** Exercise directions **
From the first line to the last, copy the material word for word; pictures stay out.

** Data provided **
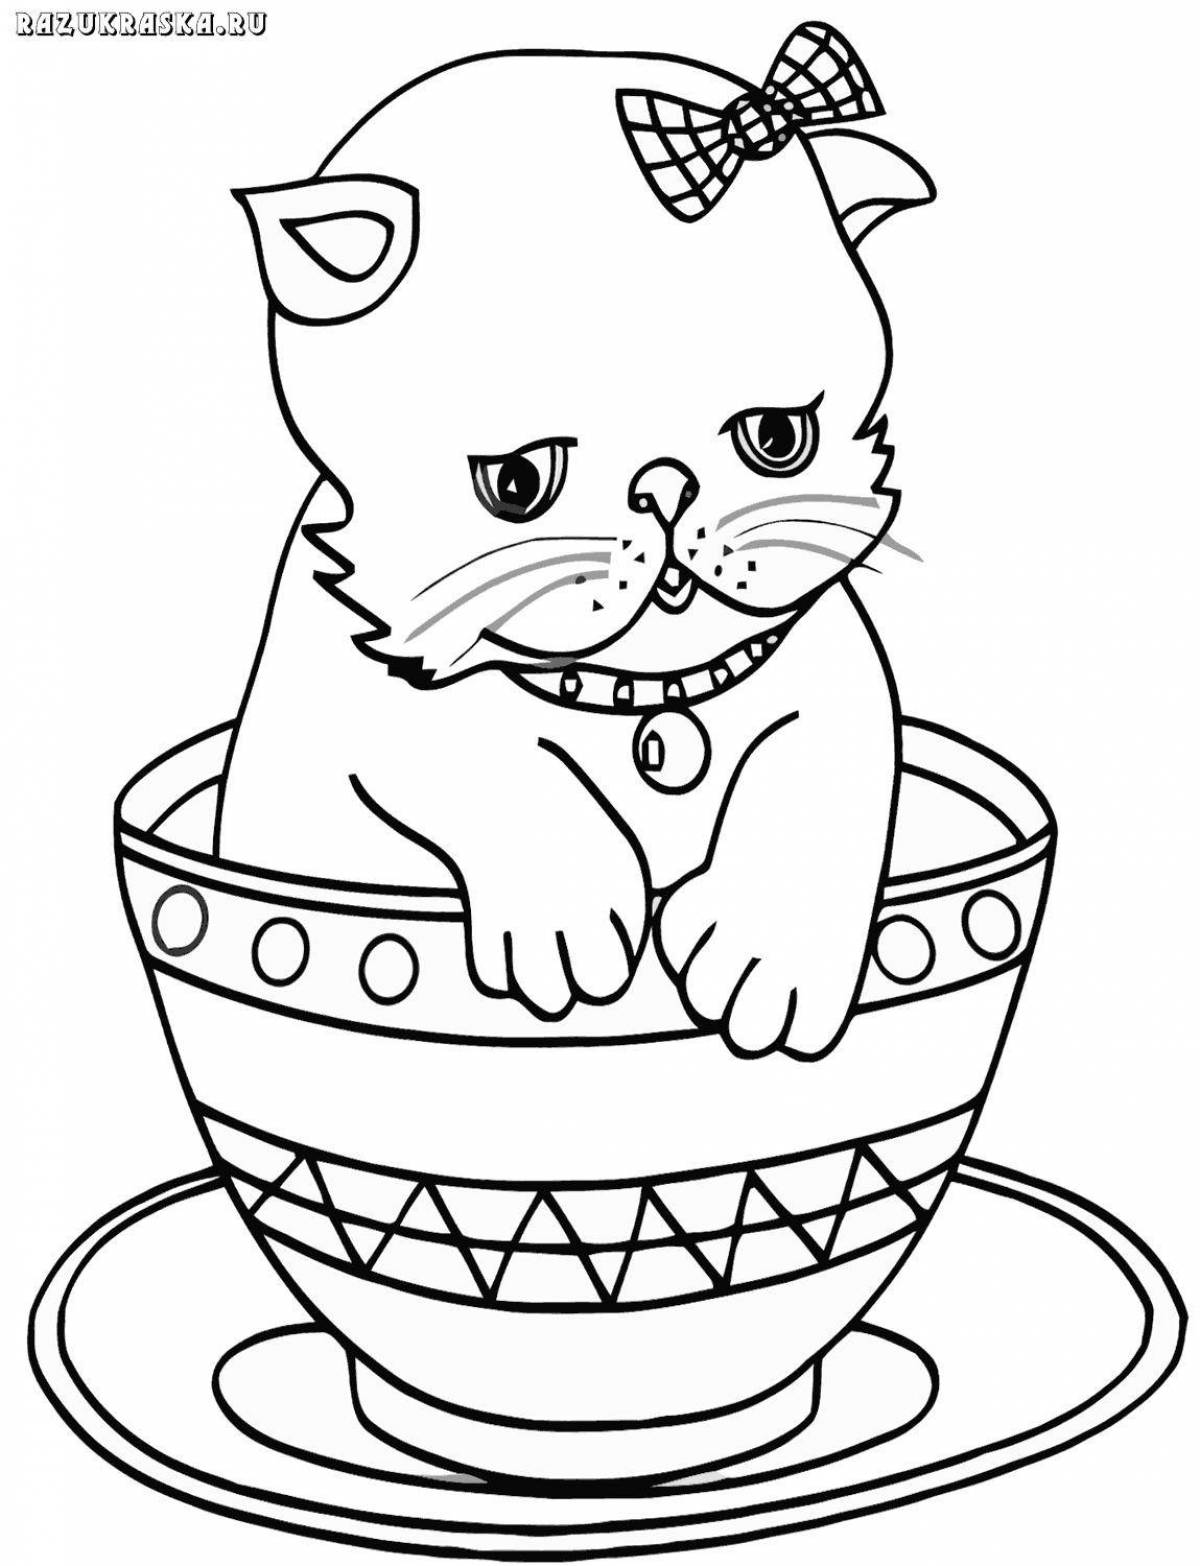 Coloring book bright kitten in a cup
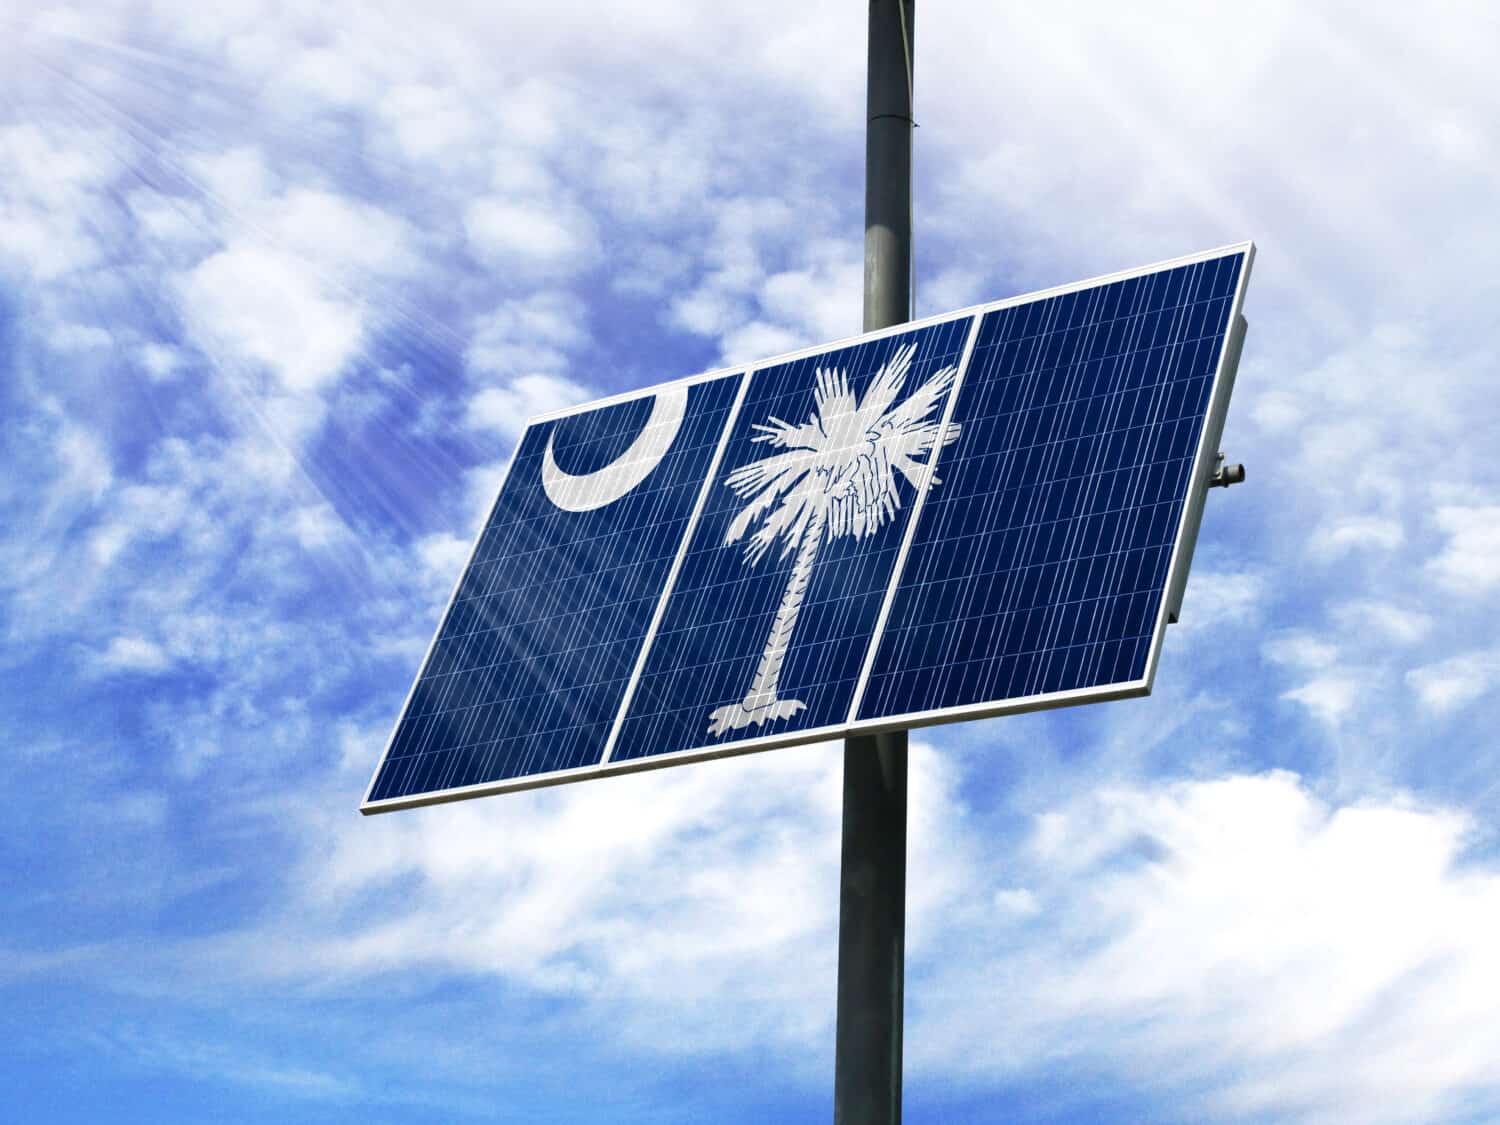 Solar panels against a blue sky with a picture of the flag State of South Carolina
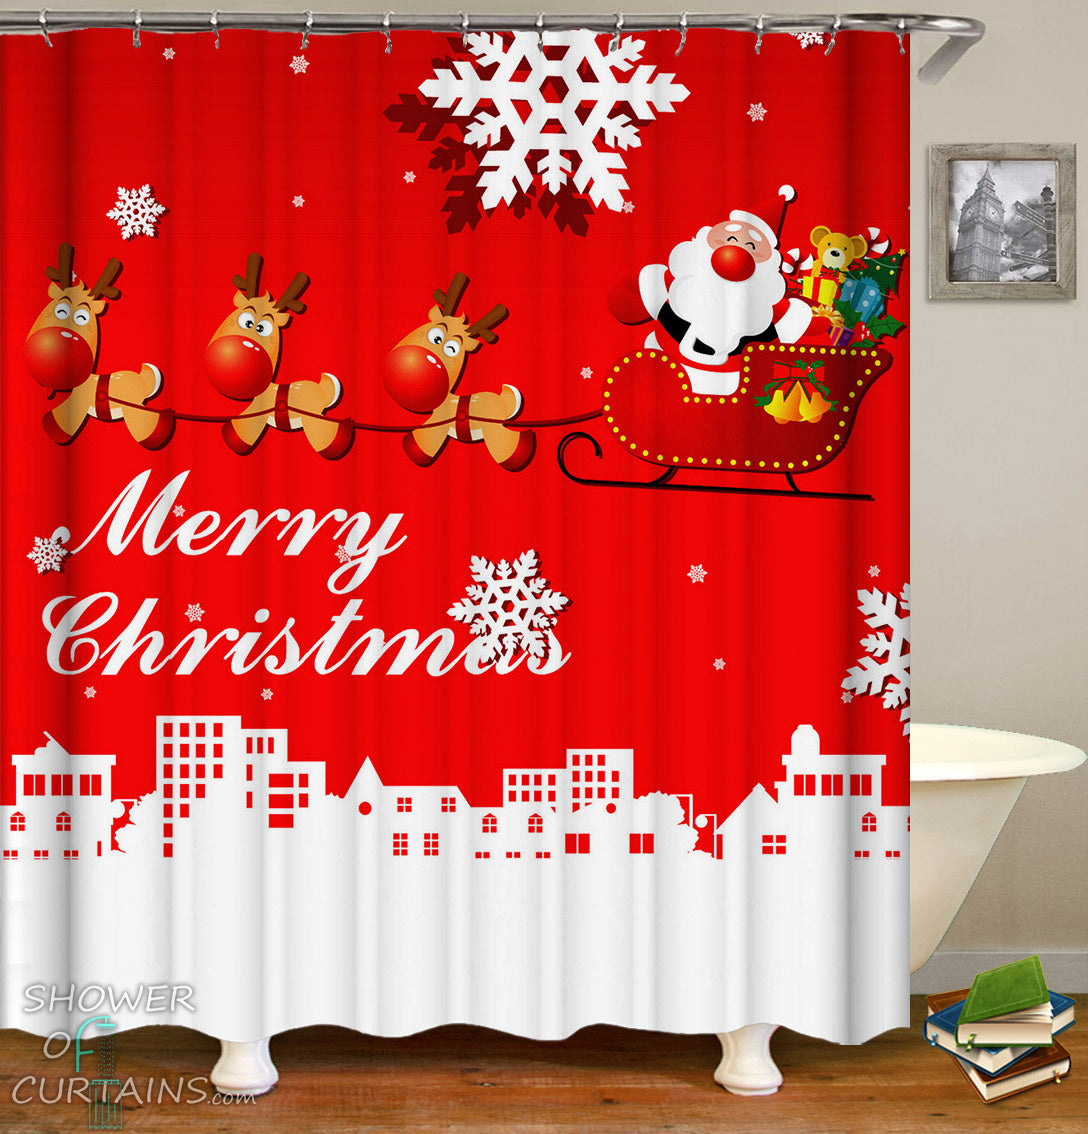 Shower Curtains | Classic Red Merry Christmas – Shower of Curtains
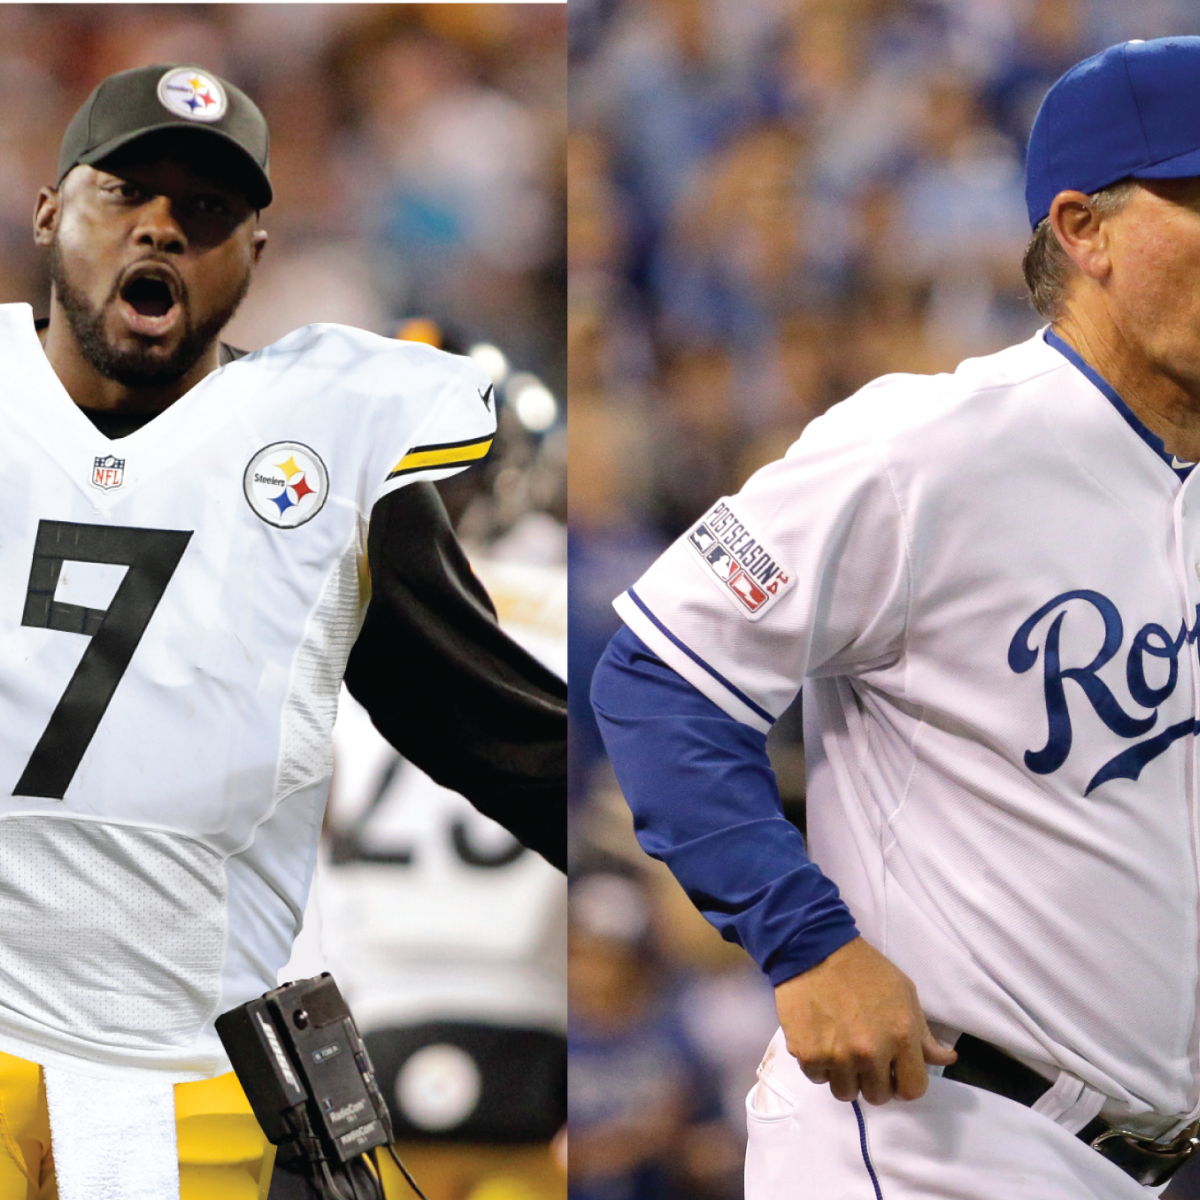 What If Other Sports Coaches Wore Uniforms Like MLB Managers

** Task answer **
 Coloring book bright kitten in a cup
 Solar panels against a blue sky with a picture of the flag State of South Carolina
 Shower Curtains | Classic Red Merry Christmas – Shower of Curtains
 What If Other Sports Coaches Wore Uniforms Like MLB Managers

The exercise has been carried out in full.